Anche nel nostro paese, infatti, il fenomeno Déco segnò con dirompente vitalità gli anni Venti attraverso una feconda e vigorosa produzione di arredi, ceramiche, vetri, metalli lavorati, tessuti, bronzi, stucchi, gioielli, argenti, abiti (a proposito -si diceva prima- del Design e del Made in Italy); per non parlare della pittura e della scultura ove l’originalità e la raffinata bellezza delle soluzioni si fonda su un perfetto equilibrio tra Modernità e Ritorno all’Ordine.

Ecco, la Mostra di Forlì è stata dunque il teatro dove è andato in scena questo affascinante spettacolo  articolato su numerosi atti ed intermezzi.
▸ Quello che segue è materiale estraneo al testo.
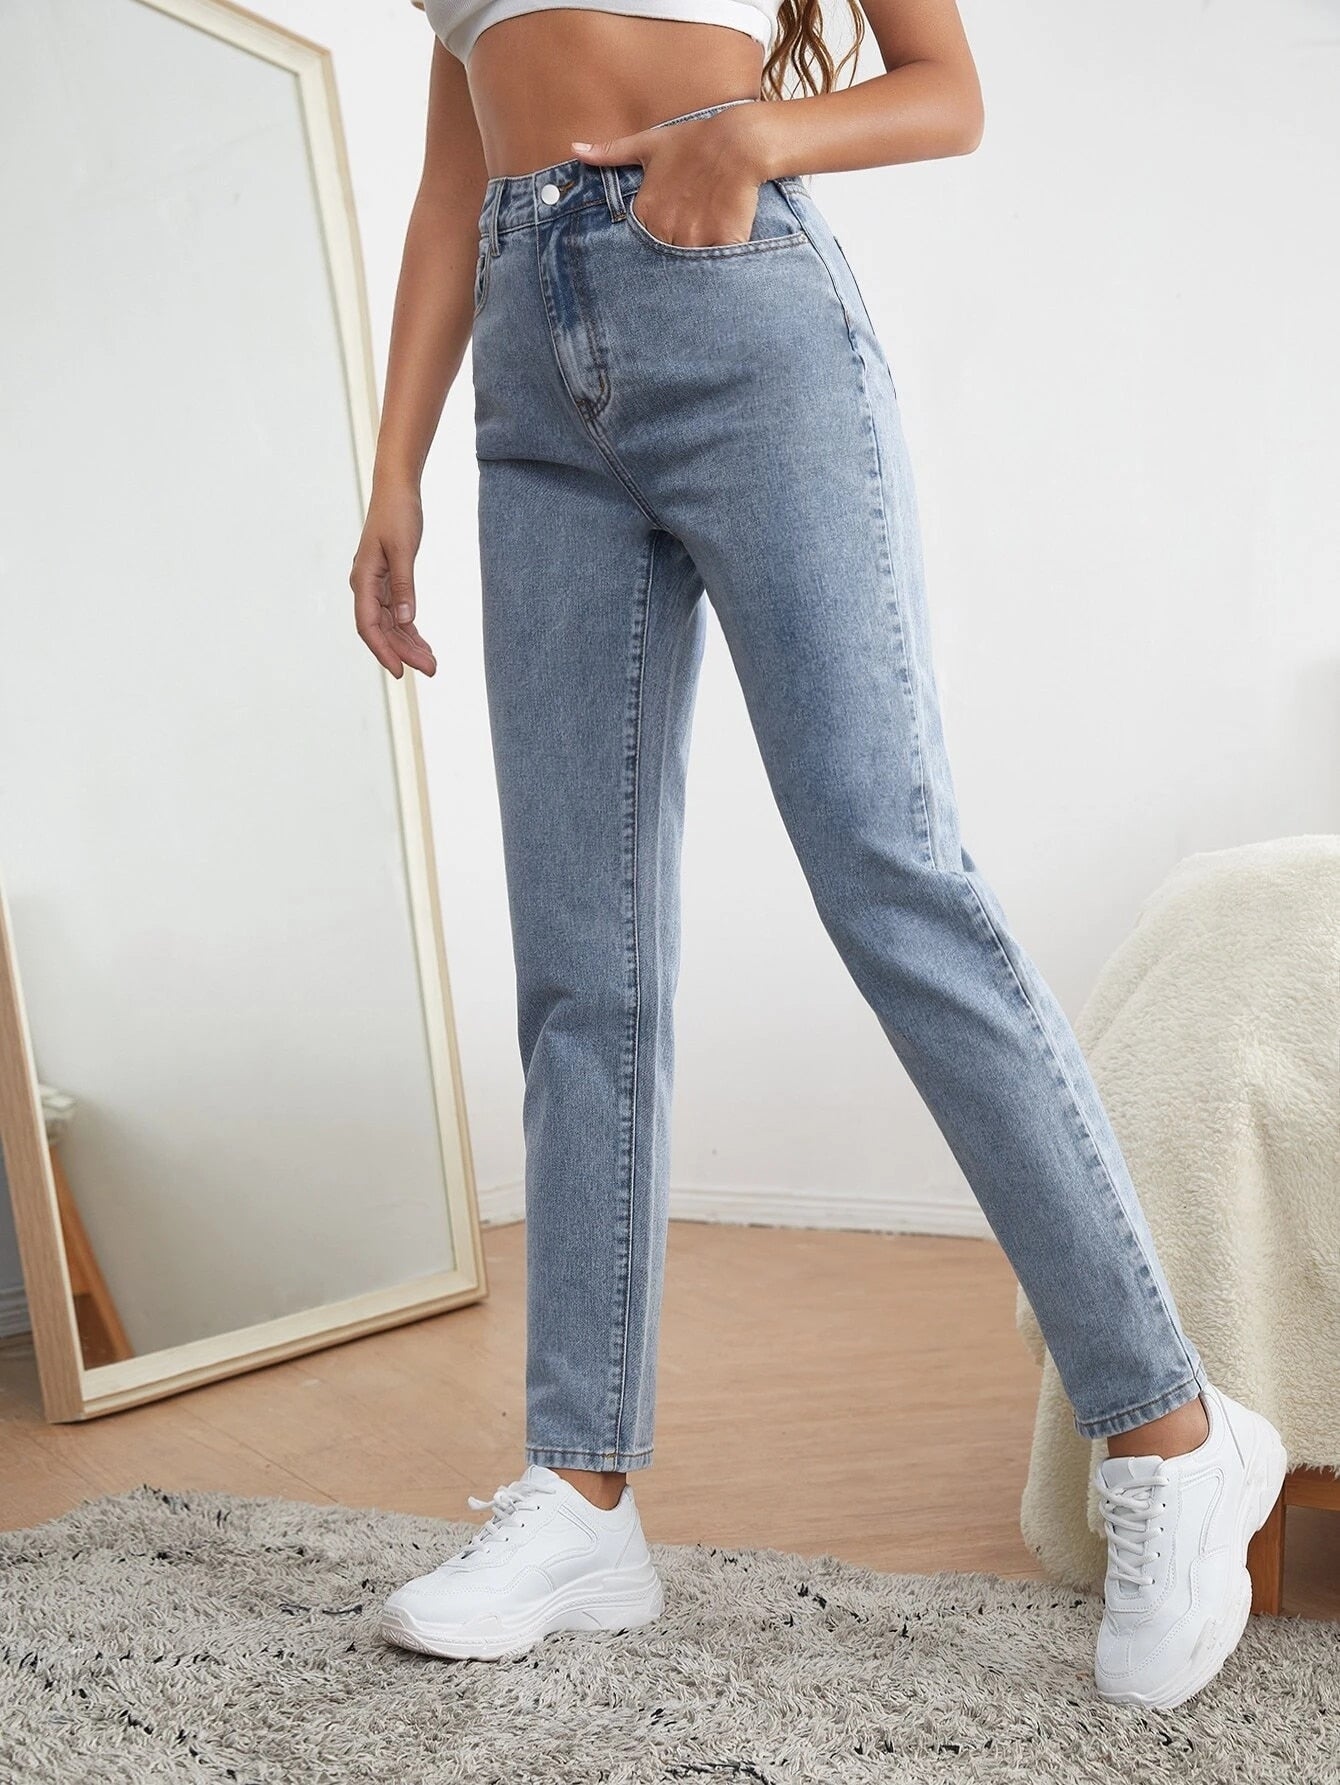 Plus Size Jeans High Waist Jeans

In cui la protagonista, l’Art Déco, ha recitato al meglio la sua parte sciorinando un eclettico ed ampio repertorio di linguaggi e di forme: dalle suggestioni dell’Arte egizia e Precolombiana a quelle dell’Oriente; dalle fascinazioni per i Balletti Russi a quelle per le  Secessioni mitteleuropee; dalla rivisitazione di certo Espressionismo, Cubismo e Futurismo (Depero e Balla in primis) agli echi della  Metafisica e del Realismo magico … insomma, è andato in scena a Forlì il Gran Teatro del Mondo (borghese) con  la sua infinita varietà di forme che, nel primato delle arti applicate,  trova il suo illustre precedente solo nell’ Arte Barocca.

E i nomi dei coprotagonisti? Un elenco lunghissimo e nobile  che riempirebbe una pagina intera, Gio Ponti, Marcello Nizzoli,  Guido Andlovitz,  Galileo Chini, Piero Portaluppi,  Umberto Brunelleschi, Arturo Martini, Alberto Martini, Adolfo Wildt, Thayaht, Francesco e Carlo Rizzarda,  Vittorio Zecchin, Guido Cadorin,  Fortunato Depero, Giacomo Balla,  Libero Andreotti,  Luigi  Bonazza, Mario Cavaglieri, Mario Tozzi, Anselmo Bucci, Giorgio  De Chirico,  Felice Casorati, Duilio Cambellotti,  Marcello Piacentin

Qui ci fermiamo per non intasare troppo lo spazio a nostra disposizione. Anche perché ci sarebbero altri protagonisti  da citare, questa  volta  stranieri, a cominciare da Tamara di Lempicka che intrattenne un breve quanto malizioso rapporto con D’Annunzio,  vate anche  del gusto déco, di cui la mostra presenta, tra molte altre cose,  uno stupefacente, sontuoso “gioiello”: una Isotta Fraschini del 1931, Tipo 8B, che fu  l’automobile più desiderata e vagheggiata dell’epoca.